Mini Transmitter Saves Babies

A NASA-DEVELOPED "PILL TRANSMITTER" IS expected to begin monitoring mothers and their babies following corrective fetal surgery for body temperature, pressure and other vital signs in the womb and then radioing physicians this critical information. An even smaller pill that can be swallowed by astronauts to track vital signs during space travel will be developed later.

Ames Research Center, Moffett Field, California, developed the pill in cooperation with the Fetal Treatment Center at the University of California at San Francisco. "If you implant our pill, doctors are able to monitor the magnitude and frequency of contractions to enable physicians to identify the onset of preterm labor early enough to prevent it from becoming life threatening to the fetus," said Dr. Carsten Mundt, an electrical engineer on the Sensors 2000! team at Ames.

Mundt also said preterm labor is difficult to predict and monitor with conventional equipment. Nearly every fetal surgery results in preterm labor that, if left untreated, can lead to the baby's death, according to Mundt.

The surgeons at the University of California at San Francisco have recently begun using an endoscopic technique for these corrective surgeries to minimize the risk of inducing preterm labor. In this technique, small incisions are made, and tube-like devices called endoscopes are inserted through the mother's abdominal wall. Prior to this technique, pediatric surgeons at the Fetal Treatment Center pioneered a cesarean surgical approach to implant a larger sensor-transmitter for monitoring mothers and fetuses. In 1981, Michael Harrison, M.D., the Fetal Treatment Center's founding director, performed the world's first corrective fetal surgery.

The pill, about one-third of an inch across and one and a third inches long, was developed because sensor-transmitters small enough to fit through the endoscopic surgery tubes were not commercially available. For ulcer patients, pills could monitor intestinal pressure changes and stomach acidity. Smaller pills, currently in development, will transmit fetal heart data and measurements for fetal body chemicals, including ionic calcium, carbon dioxide and glucose, according to Sensors 2000! scientist Dr. Chris Somps at Ames.

 
This pill-shaped transmitter, with other versions in development, passes through endoscopic tubes to radio critical information to physicians from mothers and their babies following corrective fetal surgery.

"We would also like to use this technology to study what happens to astronauts during space travel," said Ames team member Mike Skidmore. "Not only could they swallow the smaller pill transmitters we plan to develop, but we have a conceptual design of small, flat transmitters that can be taped to the body like plastic bandages."

There are many possible medical uses for this technology.
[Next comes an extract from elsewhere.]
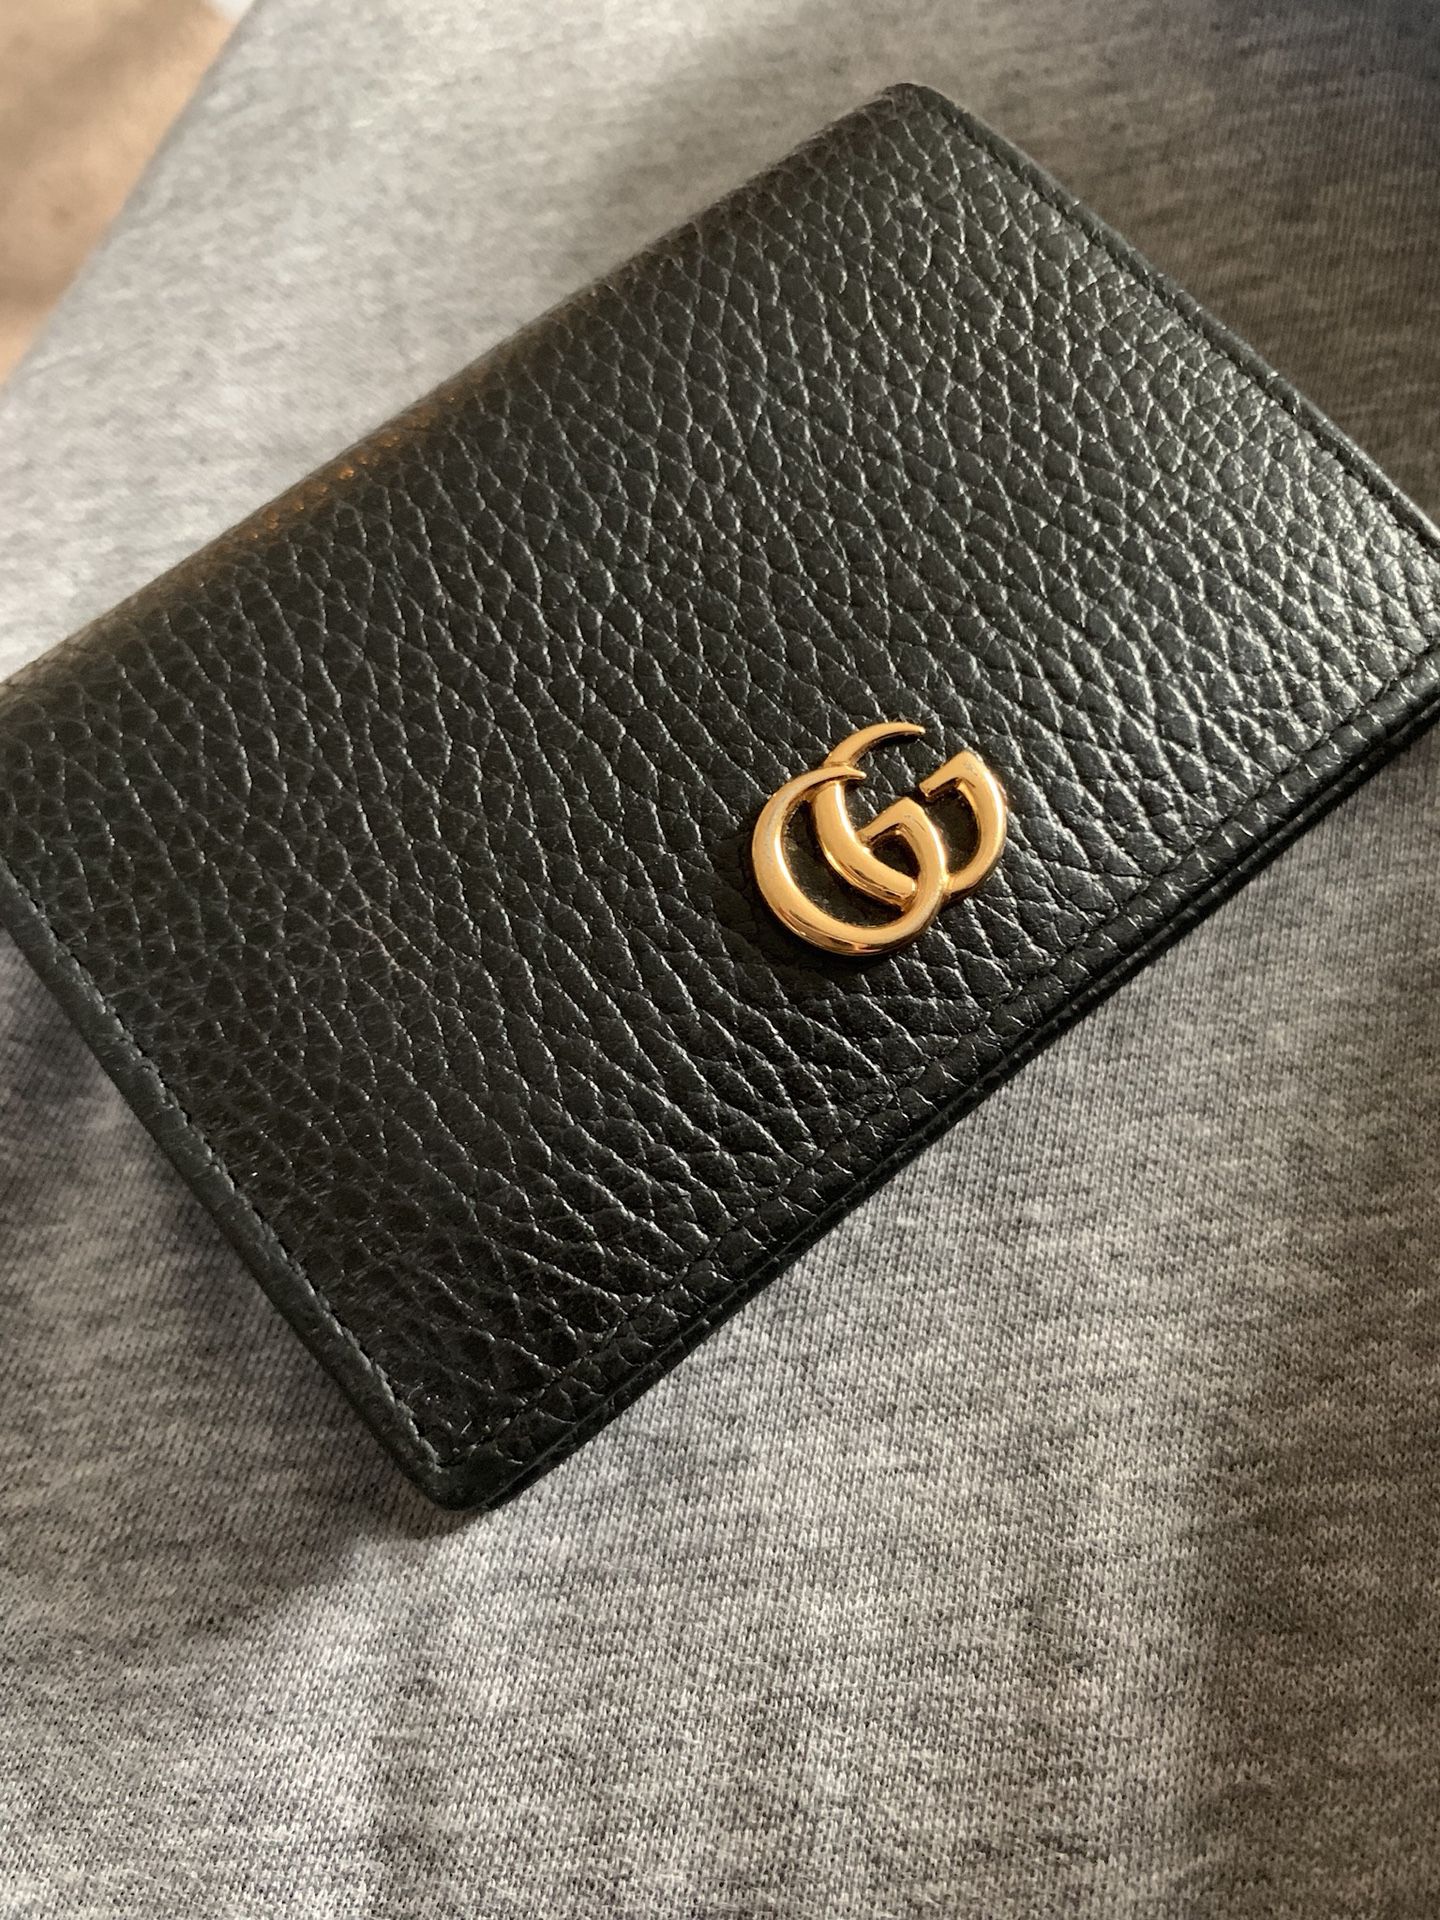 Authentic Gucci Women’s Wallet

A prototype version of another pill to measure and transmit pH, or acidity, in the fetus is being tested by Ames scientists.

For more information, contact Mike Skidmore, Deputy Manager, Sensors 2000! Program, at Ames Research Center.
Call: 650/604-6069, Fax: 650/961-8472, E-mail: mskidmore@mail.arc.nasa.gov
Please mention you read about it in Innovation.

 

MICROGRAVITY RESEARCH GRANTS ANNOUNCED

The majority of research supported under microgravity biotechnology research grants recently announced by NASA includes 34 new research efforts and continuation of work currently funded by NASA. The protein crystallization, cell science studies and new technology development may affect areas in structure-based drug design, tissue engineering and biosensor development.
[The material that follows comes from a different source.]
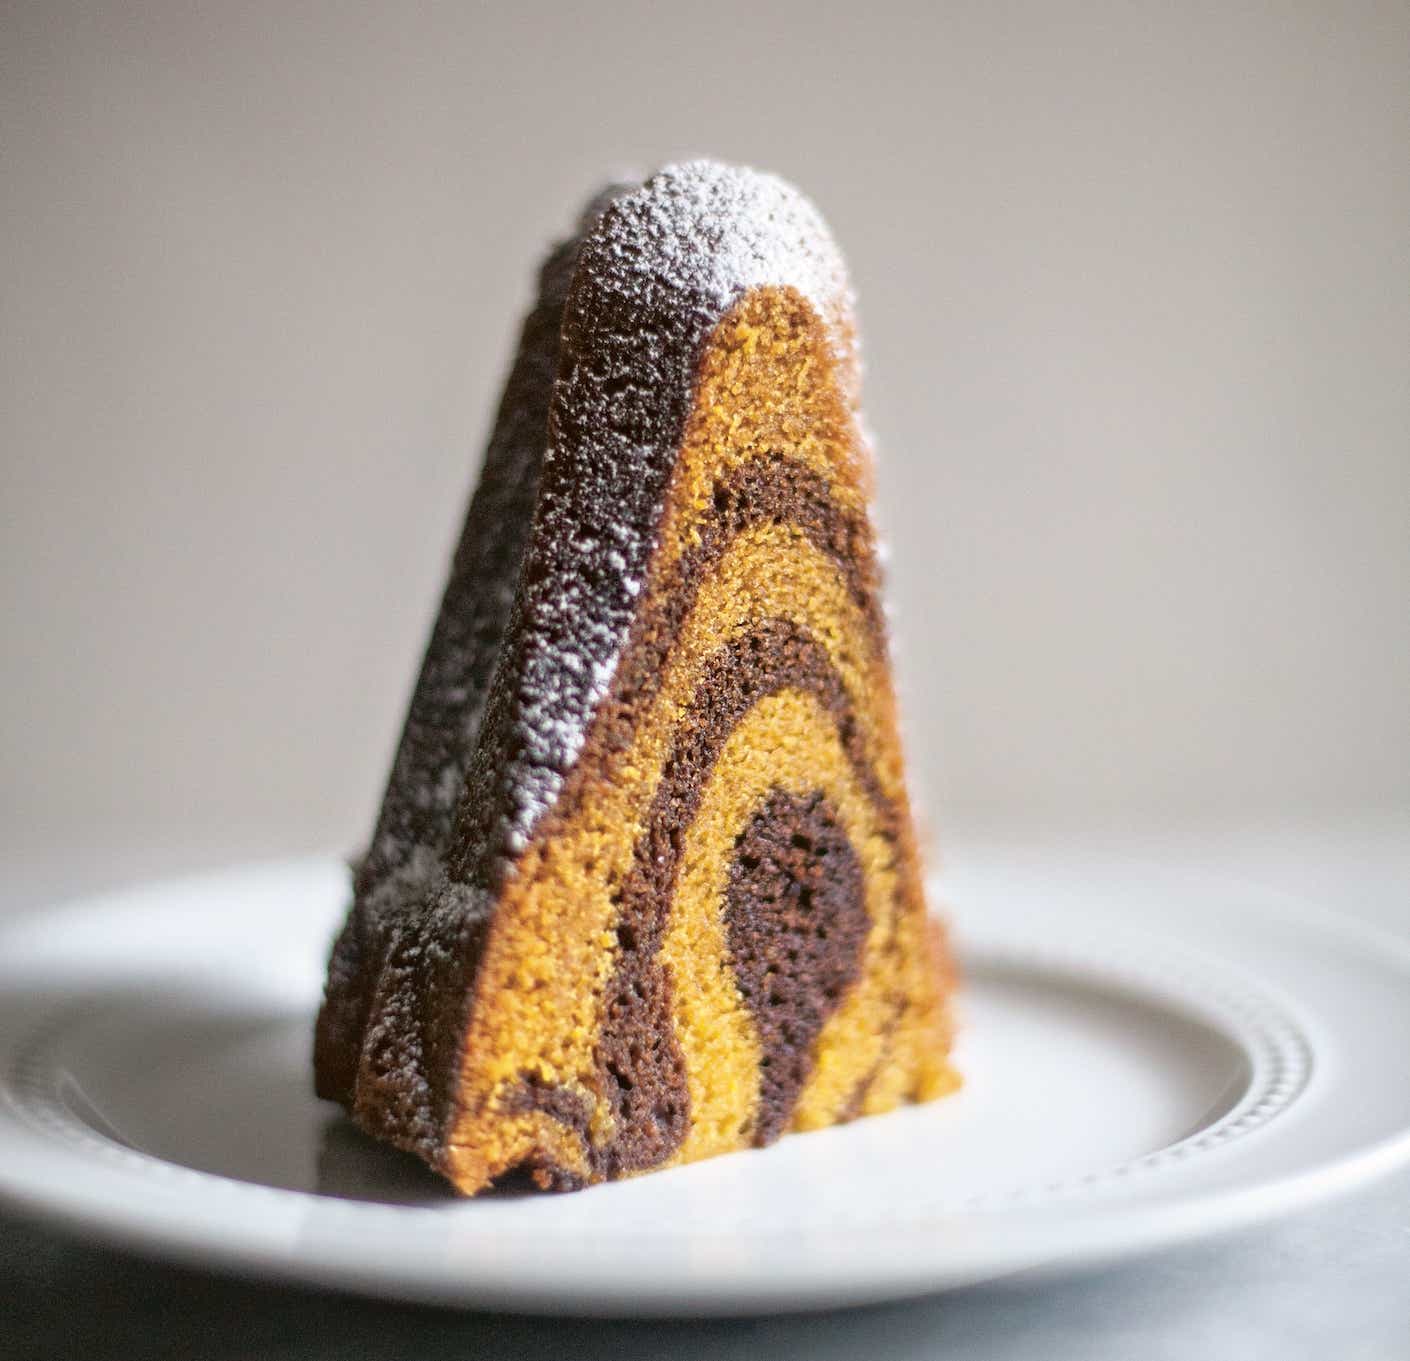 Pumpkin-Mocha Swirl Bundt Cake, From Zoë François

NASA has selected 48 researchers to receive grants to conduct microgravity biotechnology research. Sponsored by NASA's Office of Life and Microgravity Sciences and Applications, this research allows investigators to take advantage of a low-gravity environment to improve understanding of fundamental physical and chemical processes associated with biotechnology. Of these grants, 40 are to conduct ground-based research, while the remaining 8 are flight definition efforts. The investigators will have NASA's microgravity research facilities at their disposal, such as aircraft flying parabolic trajectories and sounding rockets. The flight definition investigators will work toward experiments on the International Space Station.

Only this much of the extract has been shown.